Ilze Znotiņa, Latvia's top anti-money laundering official -- officially, the head of the Office for the Prevention of Laundering of Proceeds Derived from Criminal Activity (Control Service) -- admitted to Latvian Radio August 23 that, should the recommendations be ignored, there would be far-reaching and unpleasant consequences.

The report, published on August 23, criticizes both policy makers and the private sector for lack of understanding of the risks related to money laundering and notes that authorities are not active enough, with cases rarely ending in convictions.

Therefore Latvia is put under an "enhanced follow-up" regime, and the country will have to carry out regular reports over its activities in tackling the flow of illicit proceeds.

Latvian officials find the report objective. Following an August 23 meeting of the Financial Sector Development Council where Daniel Thelesklaf, the head of Moneyval, presented the findings of the report, Znotiņa stressed Latvia should definitely follow the recommendations set out.

"We have to understand that, without allocating both intellectual and financial resources we cannot do it. It's a task of utmost importance, as if we don't do it there'll be far-reaching and unpleasant consequences," said Znotiņa.

"Enhanced follow-up means that we have to fulfill many recommendations set forth in this report, and we have to do it within the next five years when the next review will take place," she said.

"We are starting work on a plan of measures we have to take, divided between short-, mid- and long-term tasks. On September 11 we'll confirm this plan which will include clearly defined things we should do by the end of 2019," said Znotiņa. 

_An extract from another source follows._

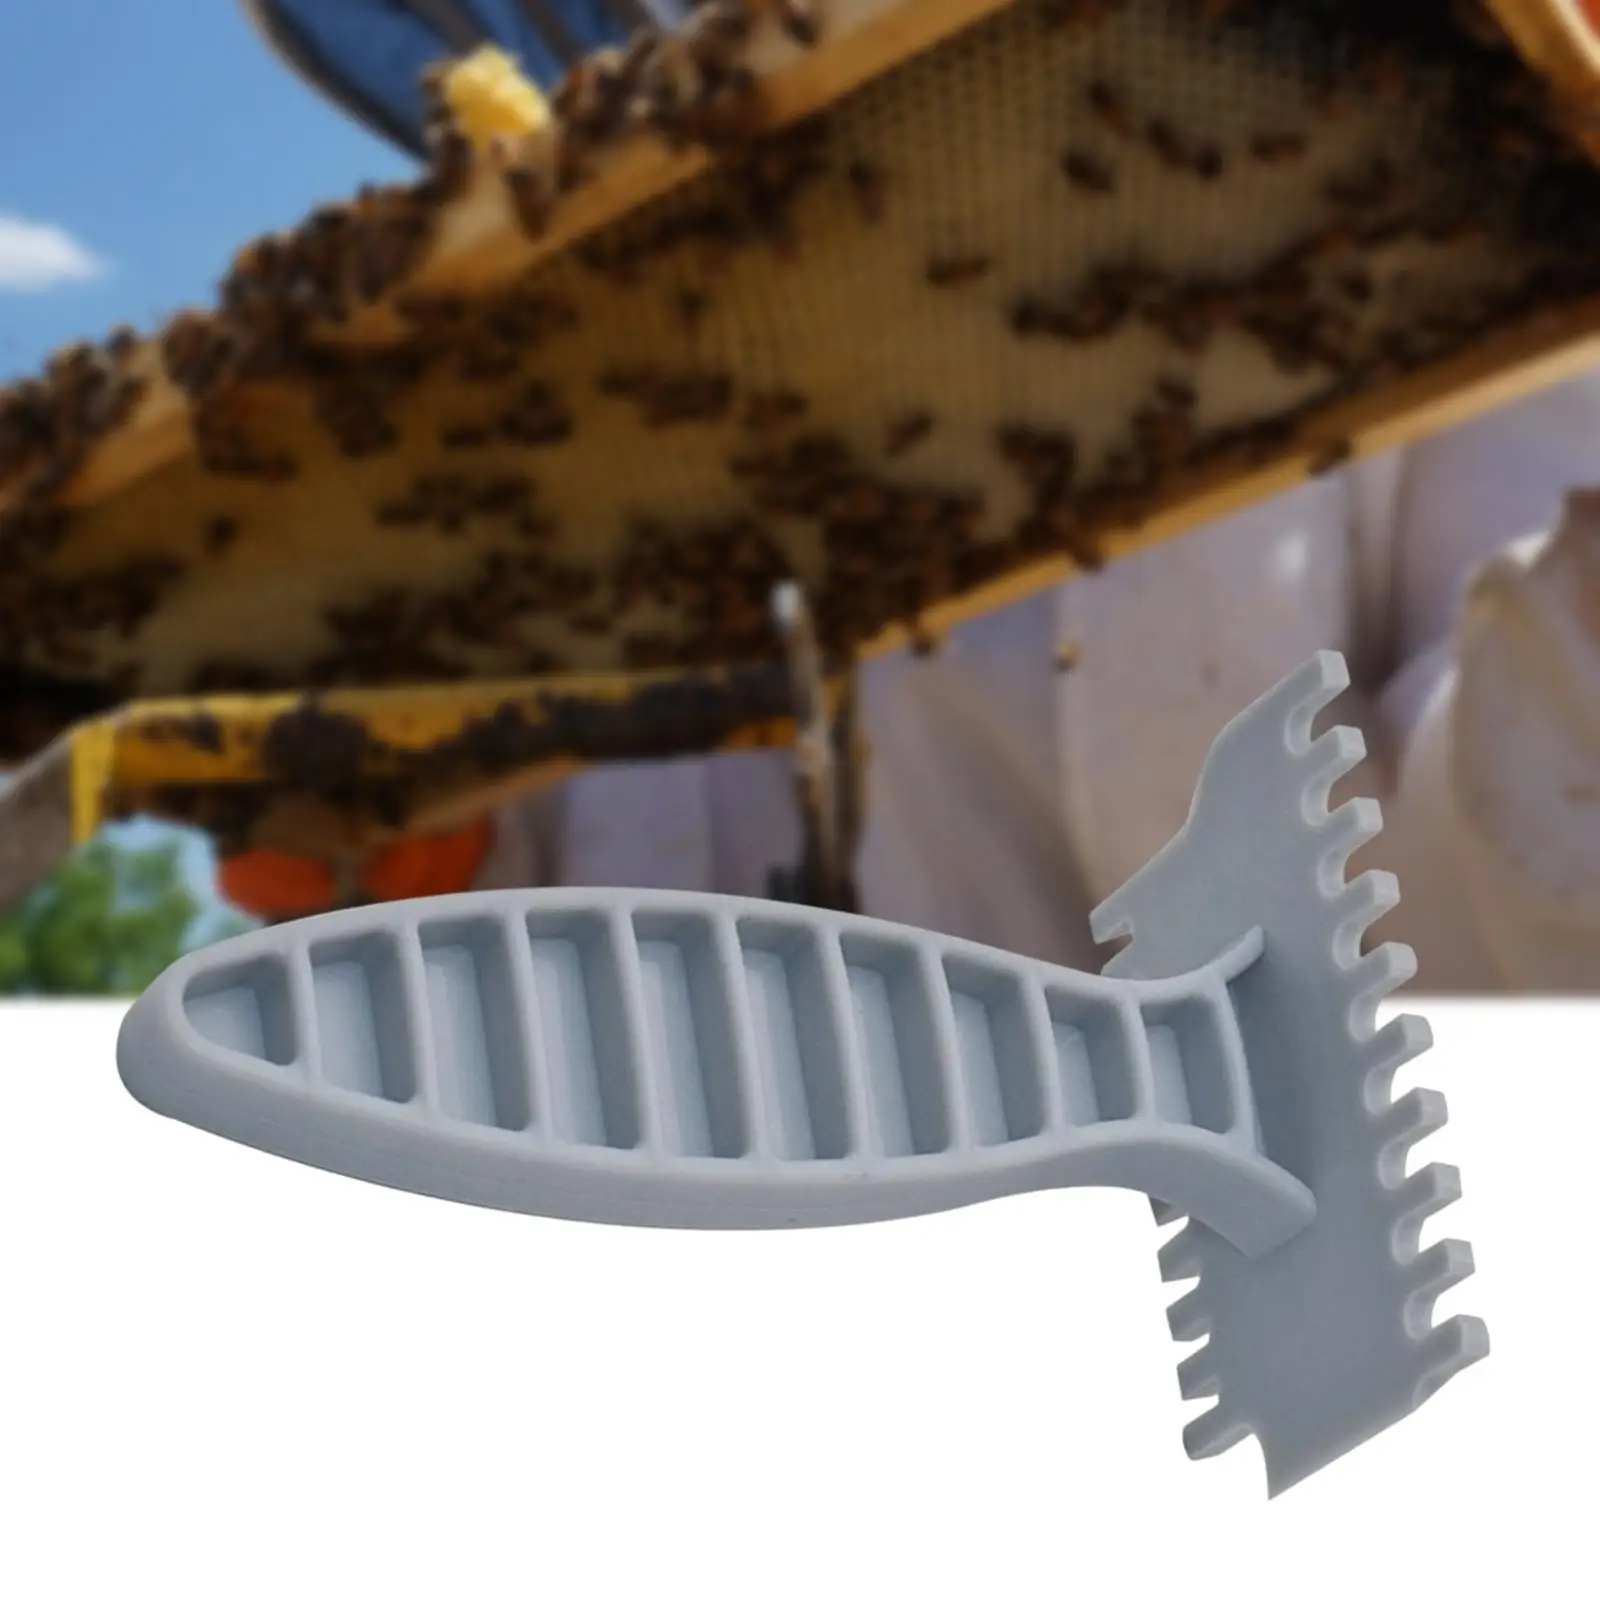 Professional Beekeeping Cleaner Beekeeper Tool for Garden Farm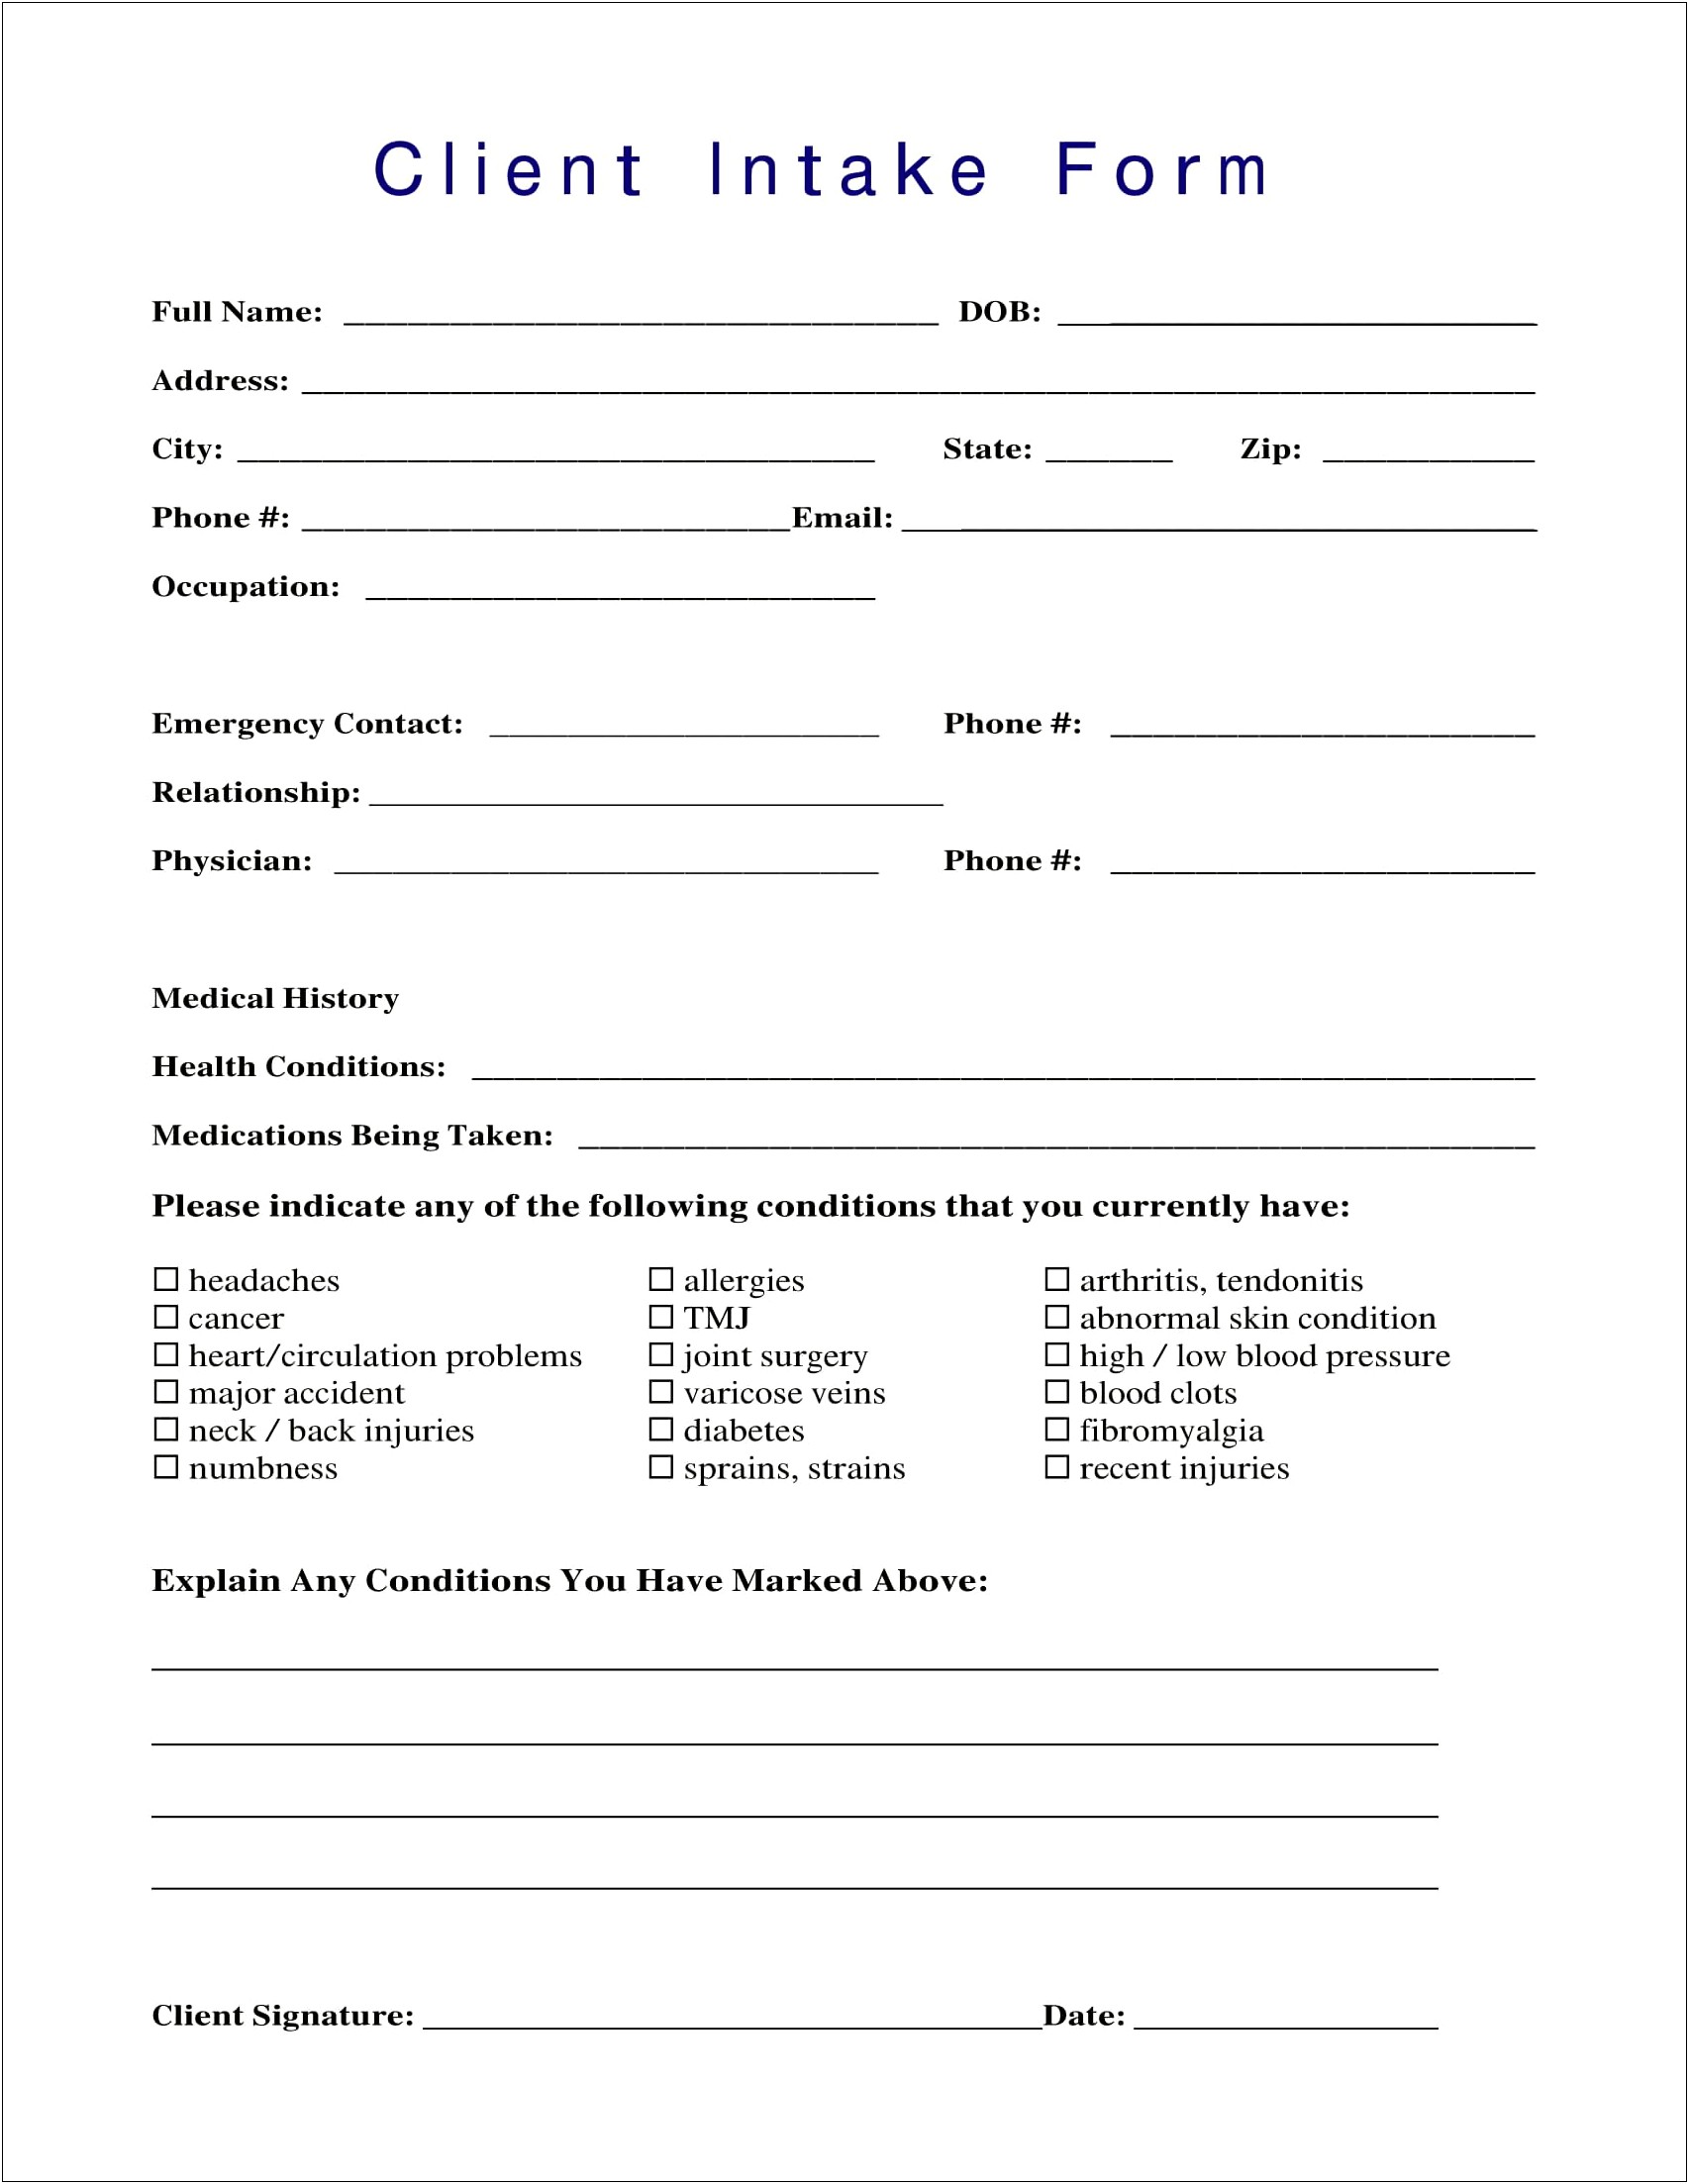 Criminal Client Intake Form Template Download

Moneyval is a Council of Europe body that has evaluated the Latvian Anti-Money Laundering and Terrorist Financing system.

The report comes in a particularly intense year that saw ABLV Bank -- which was the country's third-largest bank -- fold itself after being hit by US sanctions over anti-money laundering.

In turn, Latvia hastily introduced a number of initiatives designed to curb the flow of illicit proceeds.